↓↓↓

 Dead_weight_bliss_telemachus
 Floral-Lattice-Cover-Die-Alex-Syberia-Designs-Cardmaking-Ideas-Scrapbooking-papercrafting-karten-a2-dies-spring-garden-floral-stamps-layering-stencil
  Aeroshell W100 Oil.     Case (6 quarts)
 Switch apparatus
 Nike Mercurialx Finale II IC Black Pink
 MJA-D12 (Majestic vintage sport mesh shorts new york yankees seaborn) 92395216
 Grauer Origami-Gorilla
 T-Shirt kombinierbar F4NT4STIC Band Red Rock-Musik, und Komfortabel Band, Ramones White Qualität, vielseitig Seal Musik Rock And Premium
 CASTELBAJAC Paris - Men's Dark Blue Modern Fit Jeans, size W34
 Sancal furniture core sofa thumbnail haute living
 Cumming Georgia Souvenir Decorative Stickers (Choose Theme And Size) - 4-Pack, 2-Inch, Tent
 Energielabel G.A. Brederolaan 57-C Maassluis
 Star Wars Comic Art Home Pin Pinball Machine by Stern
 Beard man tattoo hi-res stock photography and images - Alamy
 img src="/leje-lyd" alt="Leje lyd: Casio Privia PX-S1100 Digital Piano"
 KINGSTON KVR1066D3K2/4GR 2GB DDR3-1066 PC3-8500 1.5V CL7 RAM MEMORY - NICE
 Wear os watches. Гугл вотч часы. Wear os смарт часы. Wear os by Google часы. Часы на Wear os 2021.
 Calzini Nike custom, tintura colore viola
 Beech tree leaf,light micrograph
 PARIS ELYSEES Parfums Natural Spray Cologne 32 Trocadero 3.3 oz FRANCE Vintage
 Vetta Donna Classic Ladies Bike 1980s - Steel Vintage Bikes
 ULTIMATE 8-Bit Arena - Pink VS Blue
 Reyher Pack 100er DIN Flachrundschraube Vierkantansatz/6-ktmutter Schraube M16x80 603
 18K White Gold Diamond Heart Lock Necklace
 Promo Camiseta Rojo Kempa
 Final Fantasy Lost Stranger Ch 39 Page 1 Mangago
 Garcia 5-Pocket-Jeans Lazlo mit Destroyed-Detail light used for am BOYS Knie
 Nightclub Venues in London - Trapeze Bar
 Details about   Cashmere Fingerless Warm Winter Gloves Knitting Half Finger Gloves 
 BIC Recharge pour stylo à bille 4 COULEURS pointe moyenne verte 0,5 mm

↑↑↑

### WORK TASK
What are the lines above, starting at the one with "Beard man tattoo" and ending at the one with "Final Fantasy Lost"? Give them again exactly, and only them.

### OUTPUT
 Beard man tattoo hi-res stock photography and images - Alamy
 img src="/leje-lyd" alt="Leje lyd: Casio Privia PX-S1100 Digital Piano"
 KINGSTON KVR1066D3K2/4GR 2GB DDR3-1066 PC3-8500 1.5V CL7 RAM MEMORY - NICE
 Wear os watches. Гугл вотч часы. Wear os смарт часы. Wear os by Google часы. Часы на Wear os 2021.
 Calzini Nike custom, tintura colore viola
 Beech tree leaf,light micrograph
 PARIS ELYSEES Parfums Natural Spray Cologne 32 Trocadero 3.3 oz FRANCE Vintage
 Vetta Donna Classic Ladies Bike 1980s - Steel Vintage Bikes
 ULTIMATE 8-Bit Arena - Pink VS Blue
 Reyher Pack 100er DIN Flachrundschraube Vierkantansatz/6-ktmutter Schraube M16x80 603
 18K White Gold Diamond Heart Lock Necklace
 Promo Camiseta Rojo Kempa
 Final Fantasy Lost Stranger Ch 39 Page 1 Mangago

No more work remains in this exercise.